The miracle was real, Updike warns. The physical resurrection of Jesus actually happened. And those who deny it should act honestly and just clear out of the religious game altogether. Because Christianity must include the cross, the atoning death, and the physical resurrection. Otherwise, it’s less than worthless. It’s a mean joke. And a joke, he sternly warns, that will eventually crush the doubters who pass it along.
In this, John Updike echoes the apostle Paul's argument in 1 Corinthians 15. Here are highlights of that presentation as they pertain to this matter. Wrote Paul, “If Christ has not been raised, then our preaching is vain, your faith also is vain…and if Christ has not been raised, your faith is worthless; you are still in your sins…If we have hoped in Christ in this life only, we are of all men most to be pitied.”
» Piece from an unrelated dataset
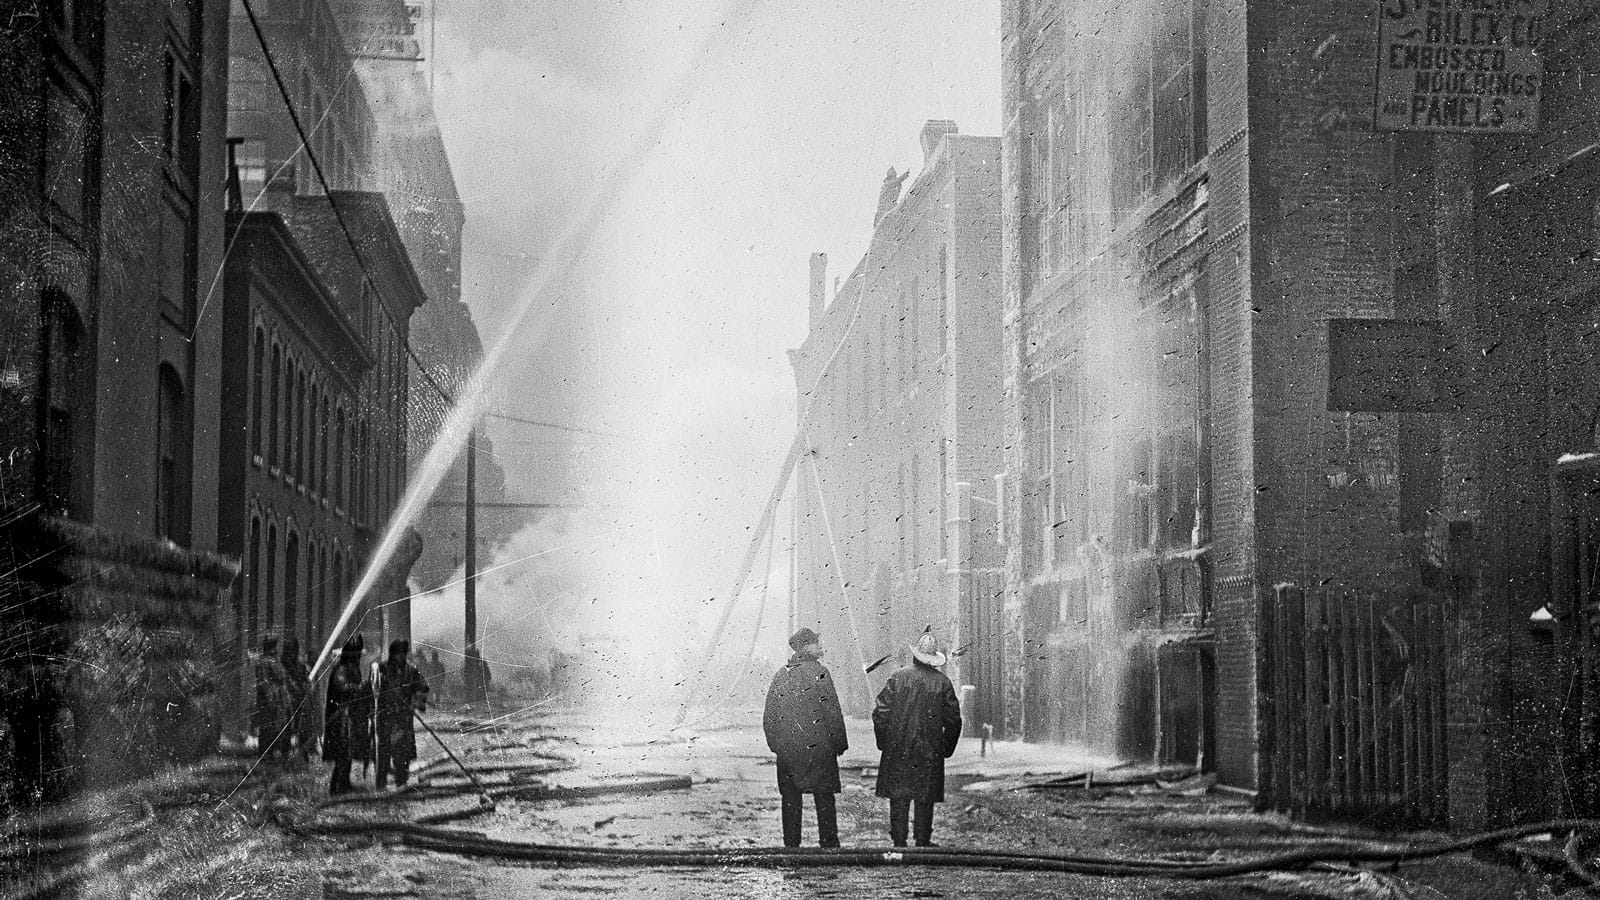 Firemen spray water at the Iroquois Theater Fire to extinguish the blaze

But, of course, Jesus DID rise from the grave. And for those who trust in the sacrifice He made for us, the Innocent One dying to pay the penalties of the guilty, they too will rise from the grave.Later in that chapter Paul continues, “But when this perishable [body] will have put on the imperishable, and this mortal [body] will have put on immortality, then will come about the saying that is written, ‘Death is swallowed up in victory. O death, where is your victory? O death, where is your sting?’ The sting of death is sin, and the power of sin is the law; but thanks be to God, who gives us the victory through our Lord Jesus Christ. Therefore, my beloved brethren, be steadfast, immovable, always abounding in the work of the Lord, knowing that your toil is not in vain in the Lord."
Christ is risen. And that makes all the difference for heaven and earth…and hell too.
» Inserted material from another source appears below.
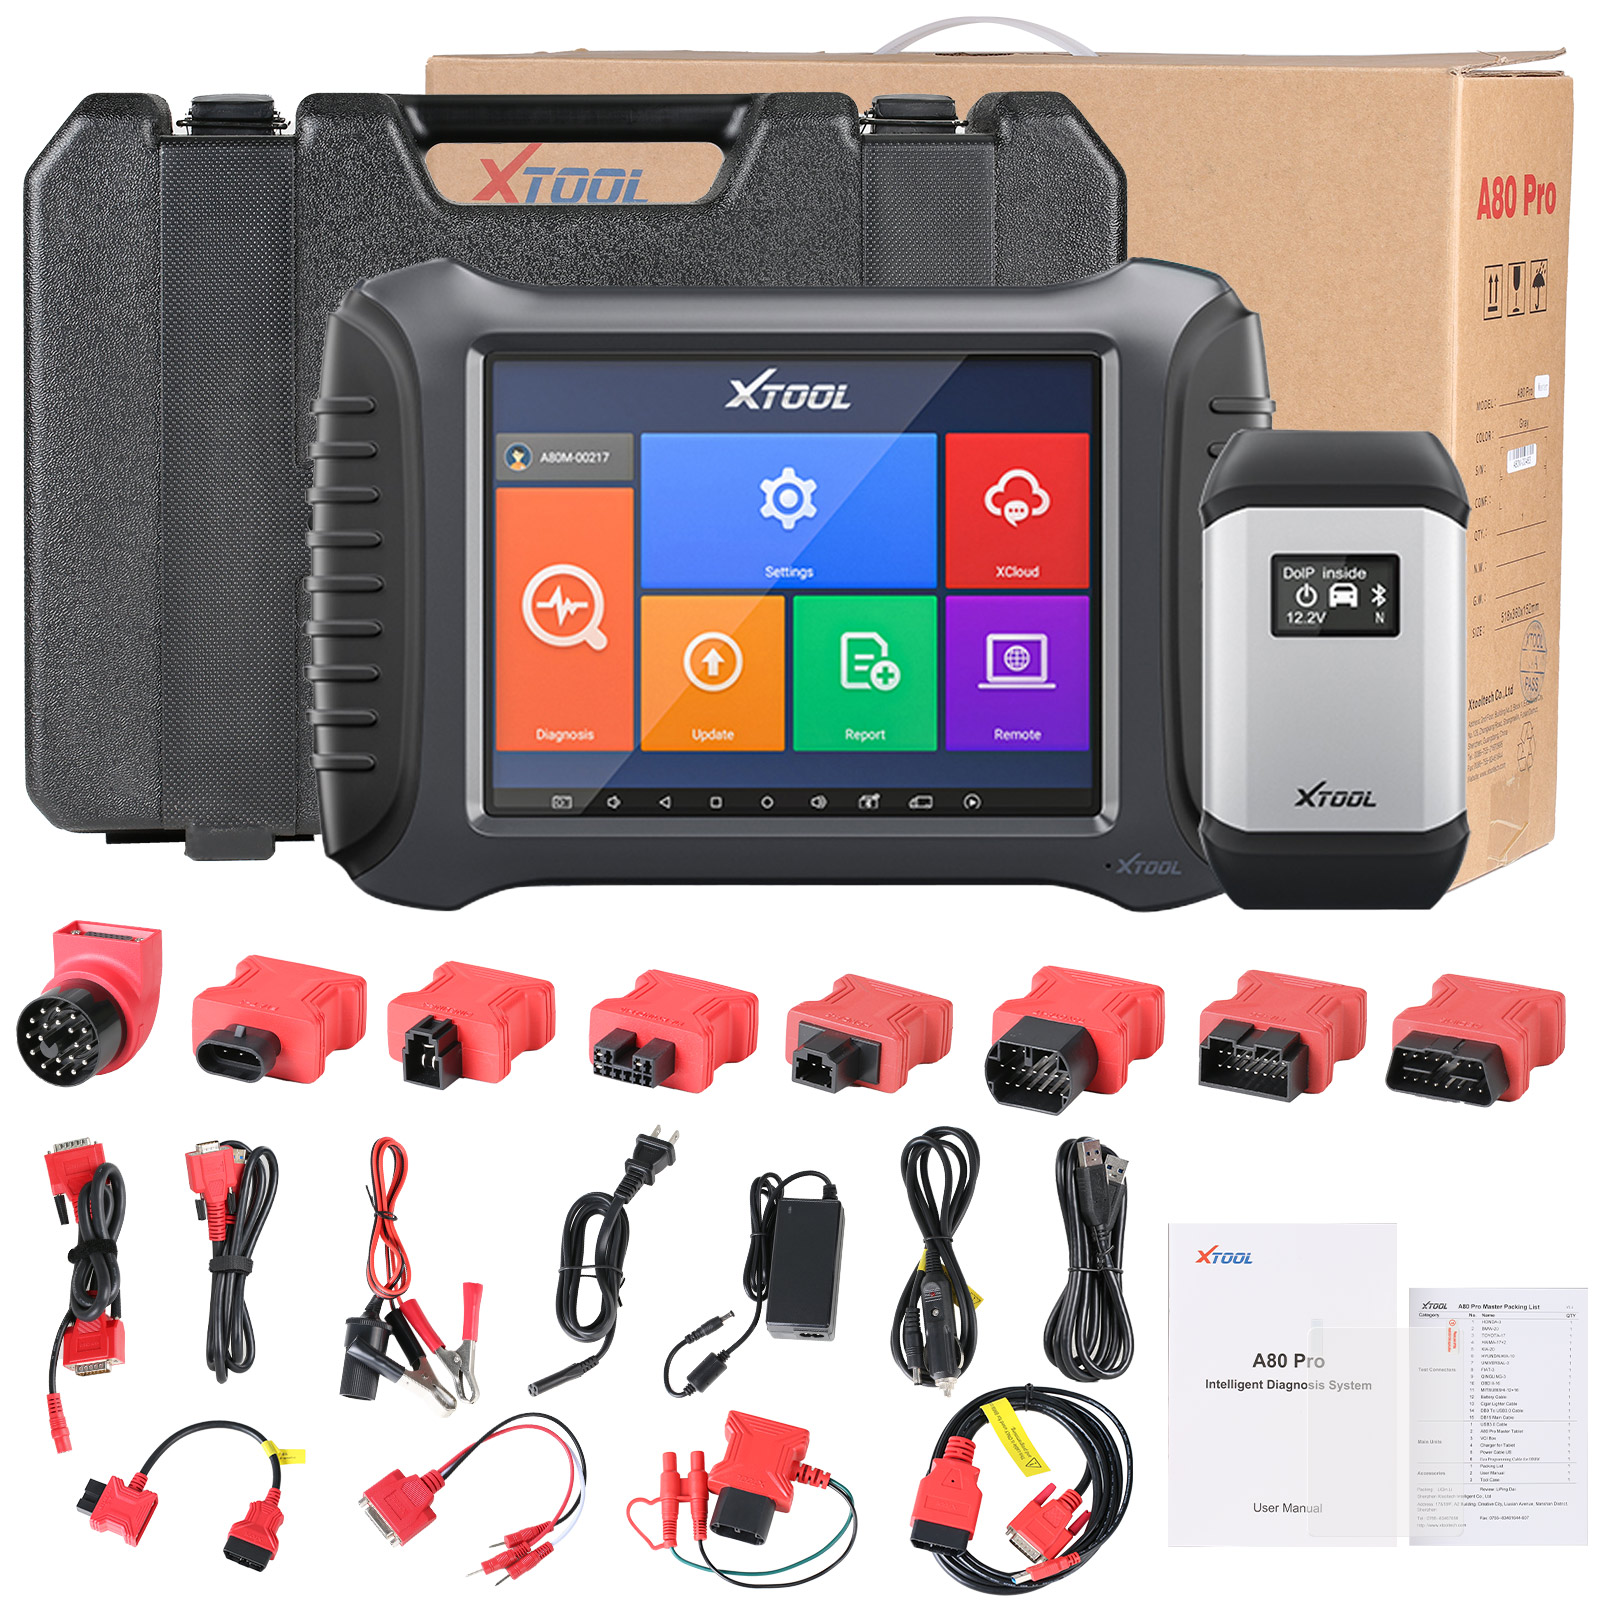 XTOOL A80 Pro package

Furthermore, it’s a difference that is not merely historical or eschatological; it makes a huge difference for men and women living in the maelstrom of the present day. While North Korea rattles the sabers, while the sounds of gunshots echo through our inner city neighborhoods, while all of creation groans under the weight of such bizarre sins as child-murder, sexual perversion, and the brazen discarding of divine revelation -- the resurrection of Jesus gives to His adopted children the sure hope of their own resurrection and the power to overcome today’s temptations and trials.
Oh yes, the raising of Jesus has very active help for us today. It gives us perspective, comfort, strength, and joy. And, in time, it will give us all the treasures of heaven.
John Updike’s criticism of the insipid nature of liberal theology is spot on. And a few million Americans and Europeans have, over the last two generations, left the mainline Protestant denominations because they agreed with him. The liberal religionists have little to offer the mind and nothing whatsoever to soothe the soul. And, whether or not Updike himself ever “walked through the door”(as he put it) and fully grasped the implications of the open tomb, “Seven Stanzas At Easter” stands brilliantly true and is a compelling illustration of the apostle Paul's exhortation of 1 Corinthians 15.
So let’s you and I heed the advice well. Let us not mock God by treating Easter as only a sweet holiday -- one that speaks of bunnies and spring, decorated eggs and new outfits. Let us not choose the allegory, the metaphor, and the sidestepping which foolishly trades in the true miracle of Easter for the papier-mâché scene created by the “faded credulity of earlier ages.”Rather, let us walk through the door of that open tomb, appreciating the universe-shattering event that Christ's resurrection was, receiving into our spirits the powerful effects it has for our service in His kingdom right now, and looking forward to the full realization of His victory when all things will be reconciled to God.